• 151
    hafta içinde oynadığımız dinamo maçının yorgunluğunun açık seçik görüldüğü karşılaşmadır. efendim 2. yarının sonlarına doğru ölü noktalara top taşıyan ve zamana oynayan kewell zaten takımın ne durumda olduğunu göstermiştir bu maçta. takım böyle gidemez, antrenmanlarda takımın kondisyonu üzerine çalışılmalı kanımca. gruptan çıkmayı garantiledik eyvallah tamam ama hedef uefa kupası derken biraz düşünmek lazım. bu takım yarın öbür gün daha dişli takımlarla karşılaşacak. bu kondisyon ile işimiz zor. bu maçın 2. yarısında iyiydik ama genel olarak takım ahım şahım futbol oynayarak kazanmıyor. rijkaard bu duruma el atmalı geç olmadan.
  • 158
    galatasaray'ın liderlik yolunda sağlam bir adım daha attığı ve kazandığı maç olmuştur. son zaman maçları gibi, 10 kişi tamamladığımı maçta barış özbek kırmızı kart görerek oyun dışı kalmış, sabri sarıoğlu da her hafta artan performansını golle süslemiştir. arda'nın da gol atması, ayrıca bir anlam katmıştır geceye. peşindeyiz!
  • 159
    galatasaray takımının alışılmış, seri ve baskılı oyununu oynamadığı, 10 kişi kalmasına rağmen kazanmasını bildiği bir maç oldu. kazanmasını bilmek sözü, bir şey oynamayan takımlar için kullanılır, bilirsiniz.
    fenerbahçe de bu hafta oynamadan kazandı, galatasaray da!

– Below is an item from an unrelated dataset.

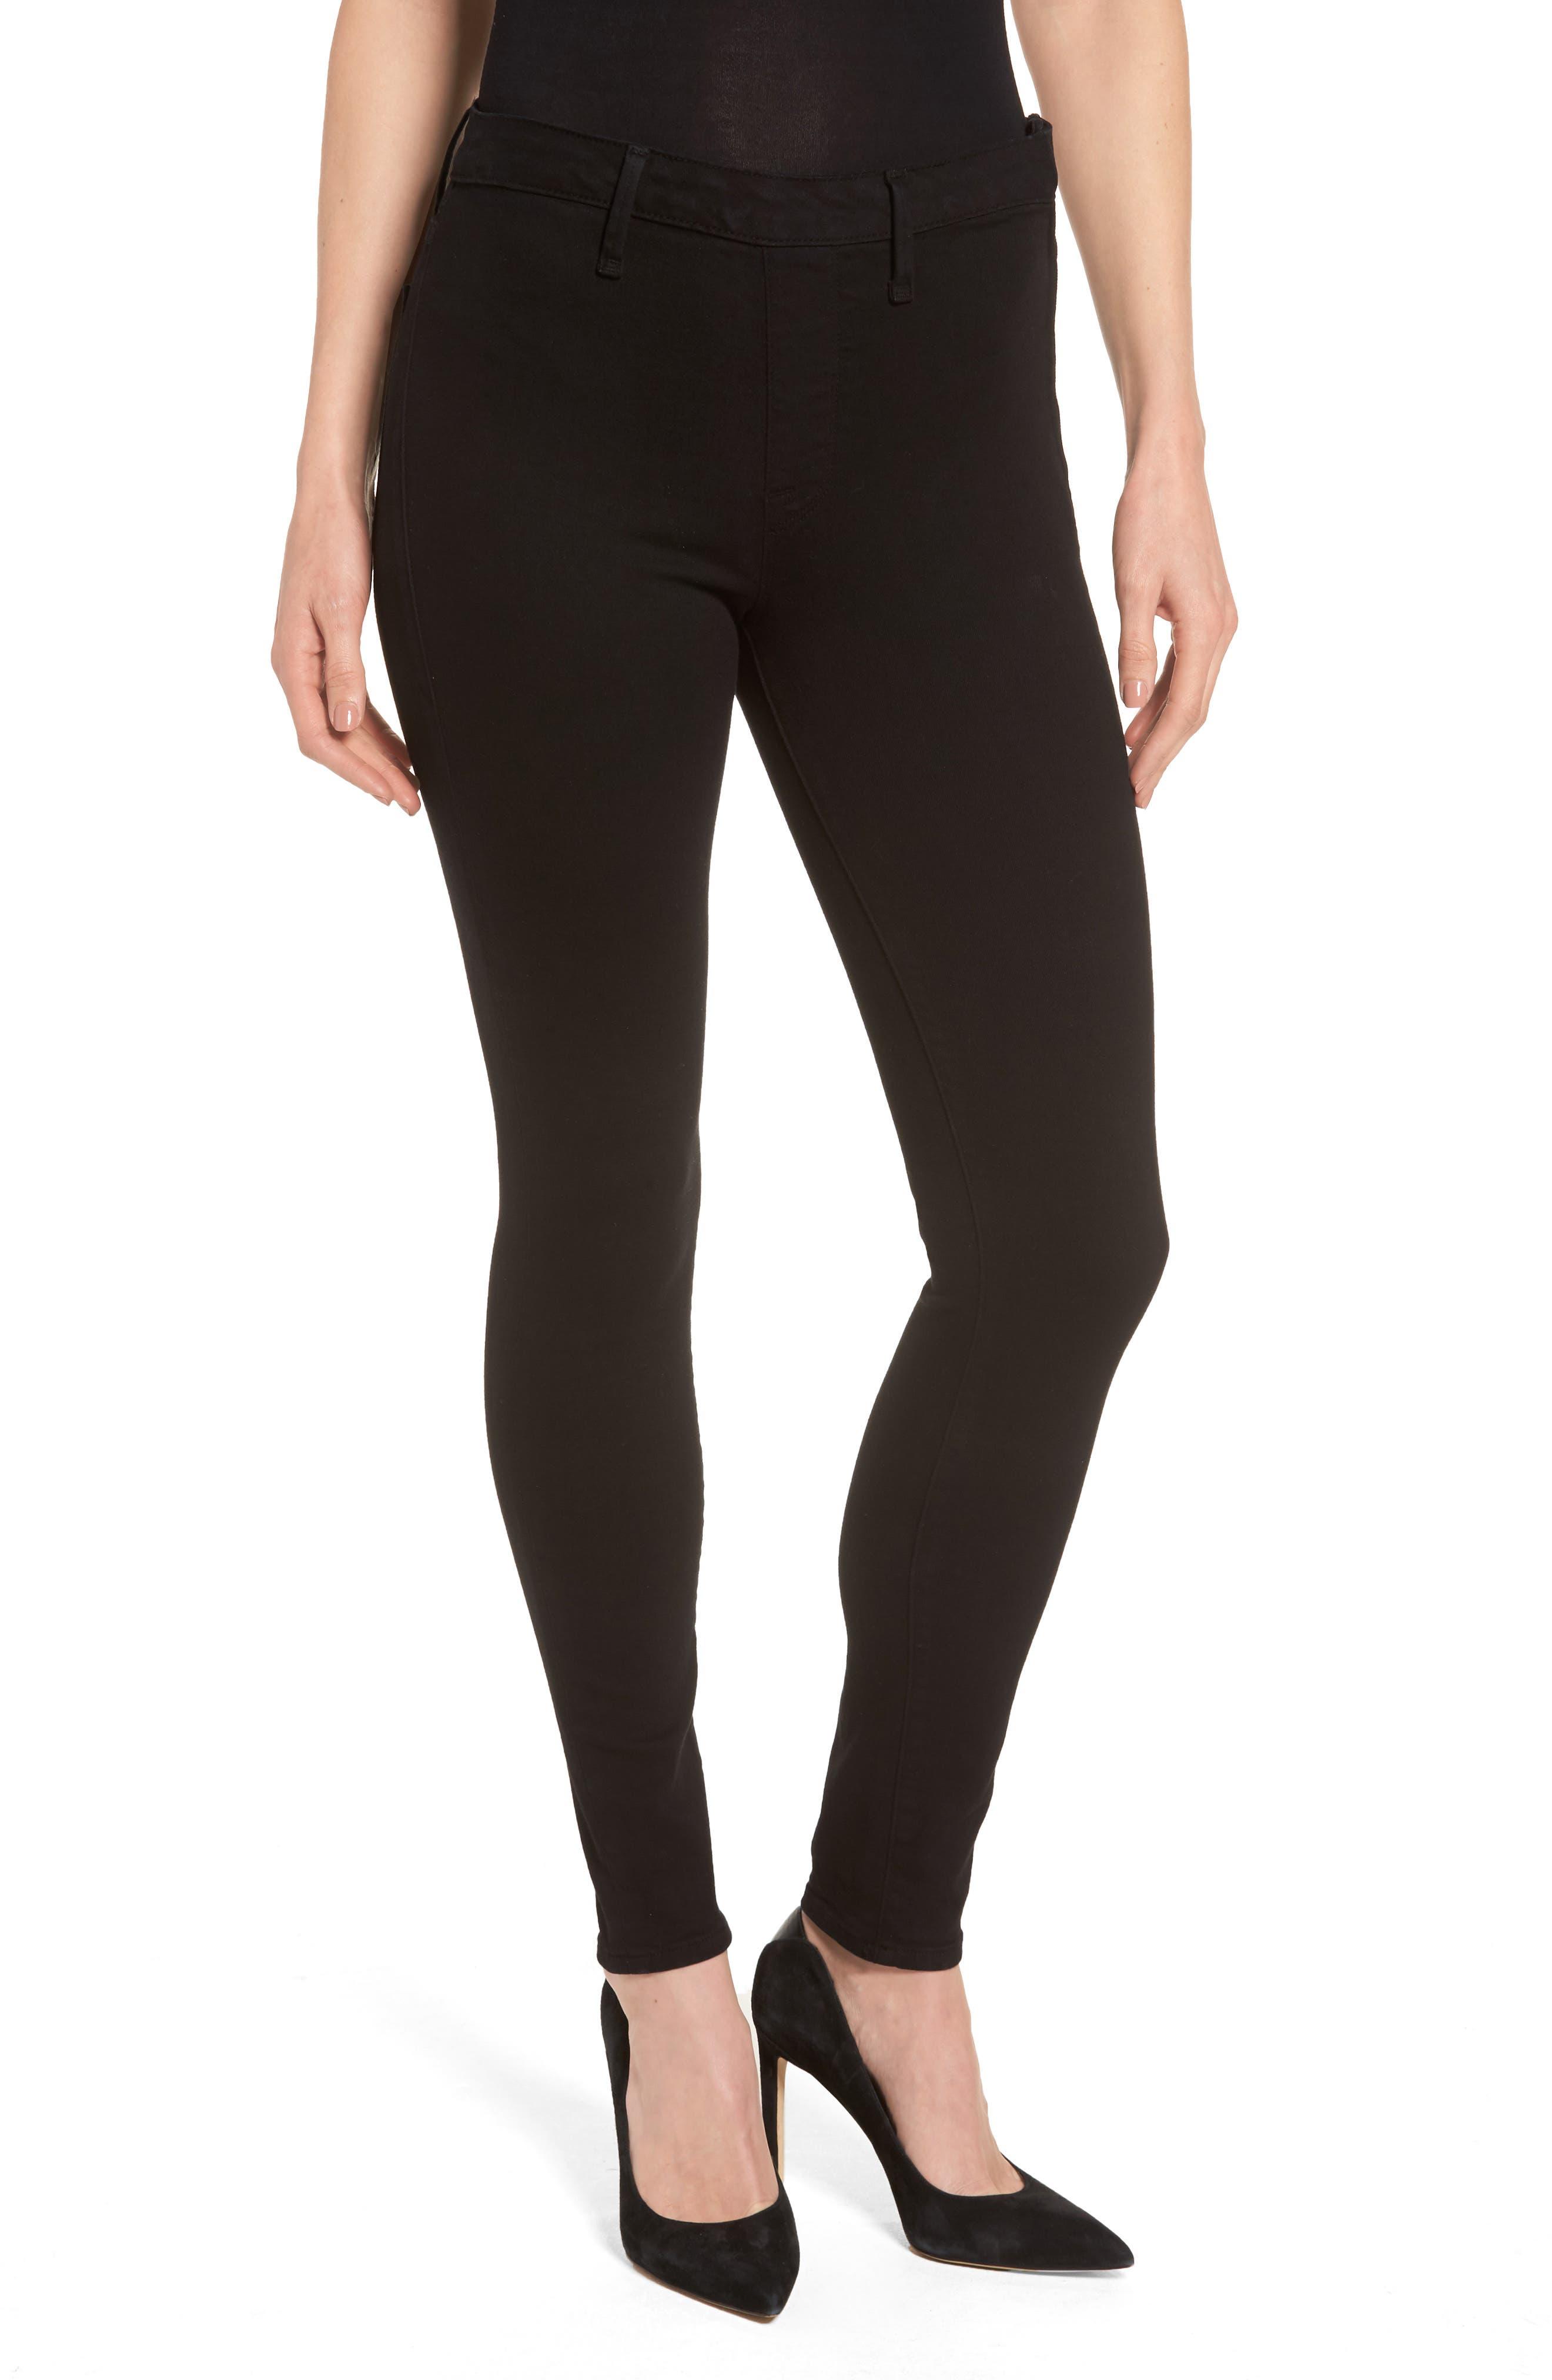 Alternate Image 1 Selected - Good American High Waist Side Zip Skinny Jeans (Black 001) (Extended Sizes)
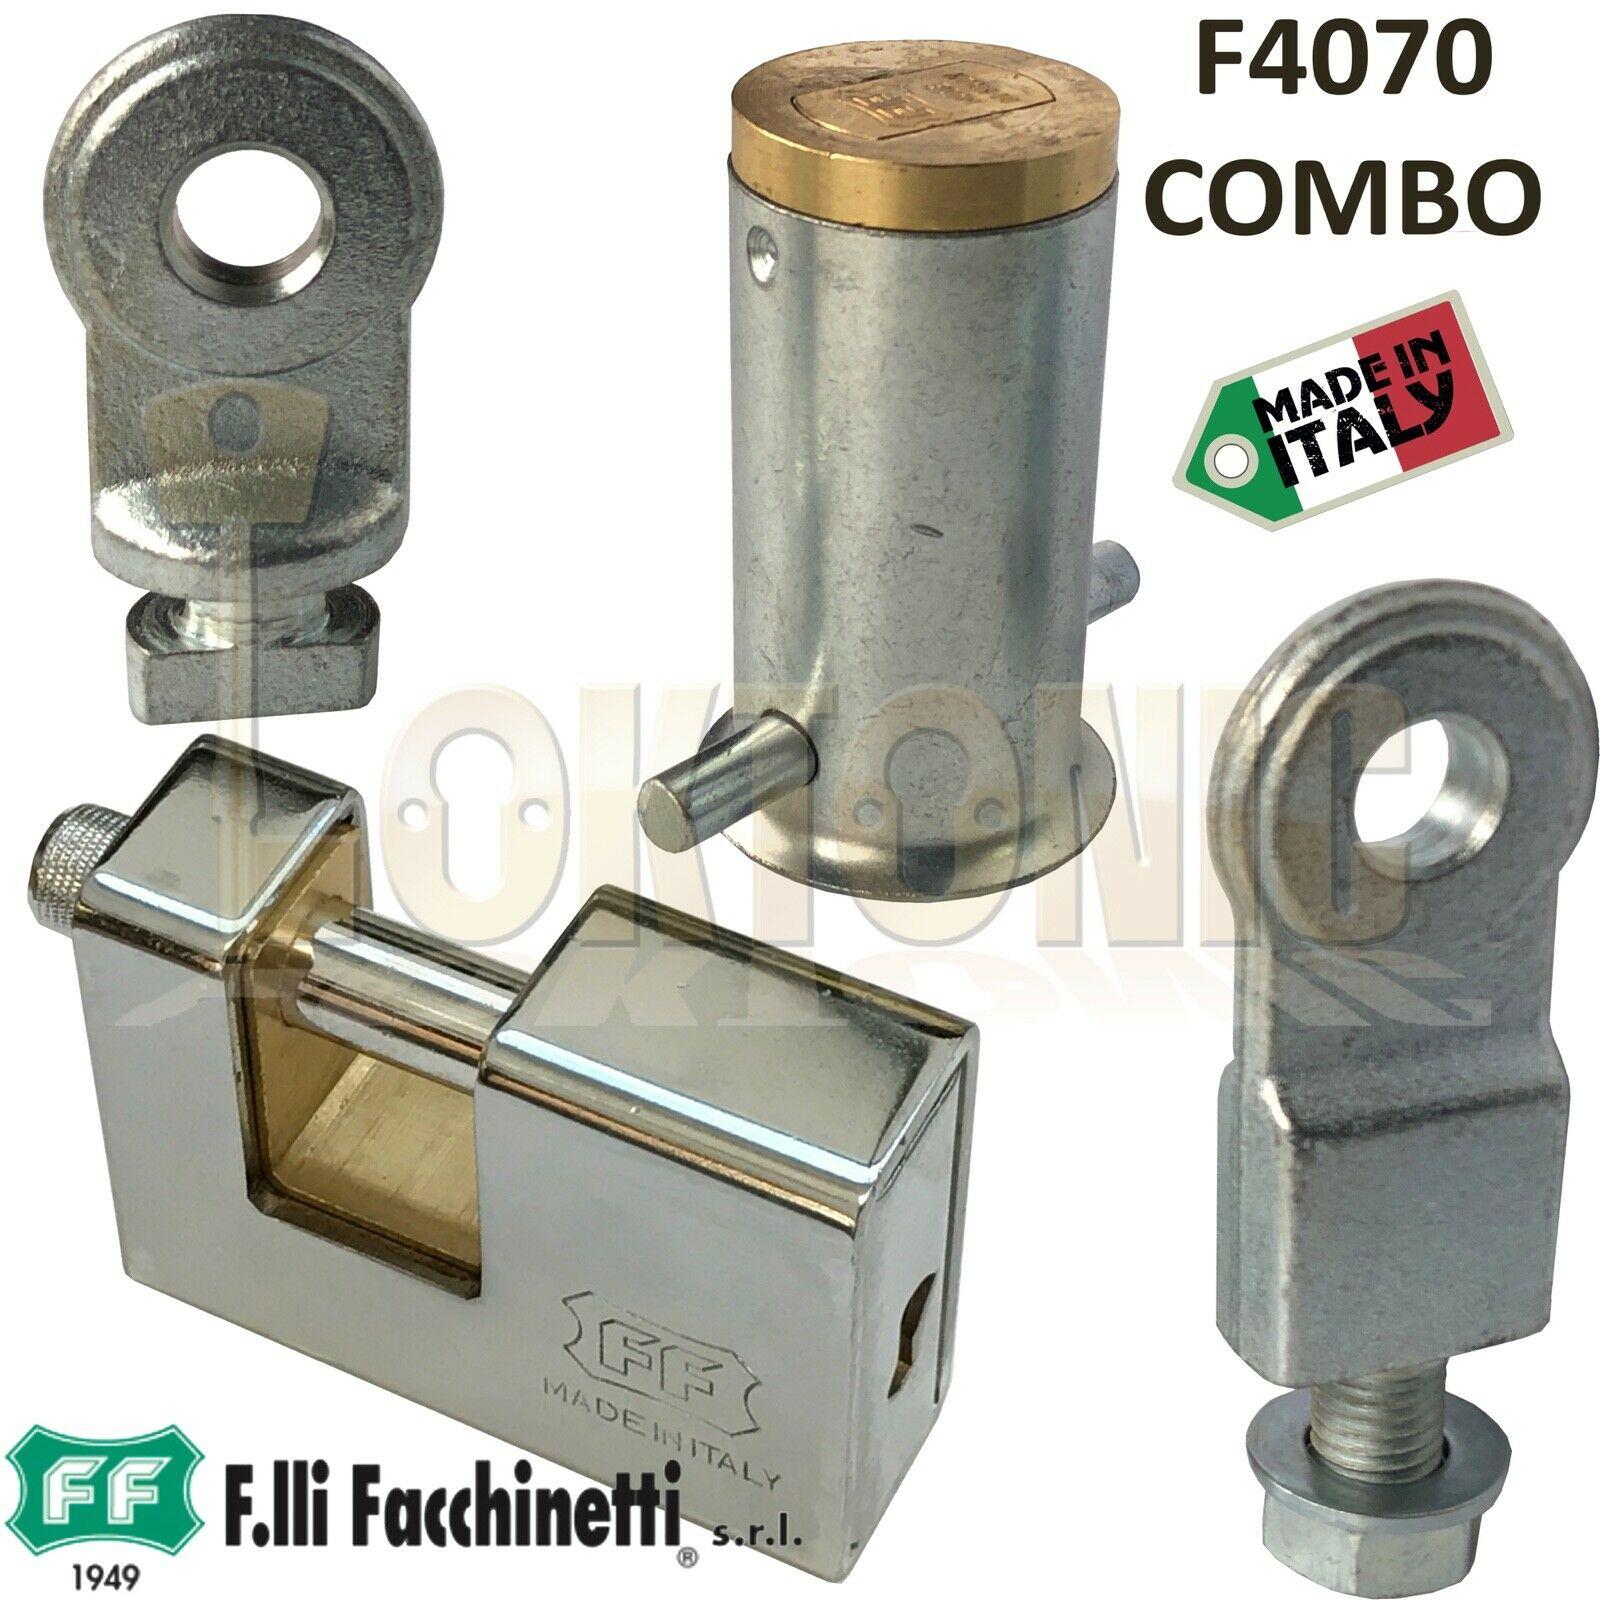 Facchinetti Heavy Duty Steel Roller Shutter Ground Anchor With Padlock 3  Keys

    ama galatasarayın ikinci golü mükemmeldi.

    burada golün krokisi var :

    http://2.bp.blogspot.com/_8NivoNE4ENI/Svc739bZ5VI/AAAAAAAAAC4/Byobgr9-96U/s1600-h/ARDANIN+GOLü.jpg
  • 161
    türk futbolundaki mantıksızlıklar'a bir örnek daha. bana bu işte bir mantık emaresi gösterebilecek var mı? ankaraspor'un tapulu sahibi(!)nin oğlu ankaragücü'ne başkan oluyor, asıl düşmesi gereken ankaragücü, ama ankaraspor küme düşürülüyor. üstelik transfer sezonu bittikten haftalar sonra bile ankaragücü ankaraspor'un oyuncuları ile kadrosunu şişirdikçe şişiriyor. peki galatasaray'ın günahı nedir? ankaraspor'un düşürüleceğinin yüzde 79 kesinleştiği gün oynanan, galatasaray'ın kapanan ankaraspor'u dize getirmek için yoğun çaba harcadığı maçı federasyon kesin karar verilene kadar erteleyemez miydi? o maçta hayli efor sarfeden galatasaraylı futbolcuların yorgunluğunu da ankaraspor küme düşürülünce telafi etmenin de bir yolunu buluverseydiler ya! peki ankaraspor güdümlü ankaragücü'nün galatasaray'a ve diğer takımlara karşı aldığı / alacağı galibiyetlerin steril olduğunu hala iddia edebilecek olan var mıdır?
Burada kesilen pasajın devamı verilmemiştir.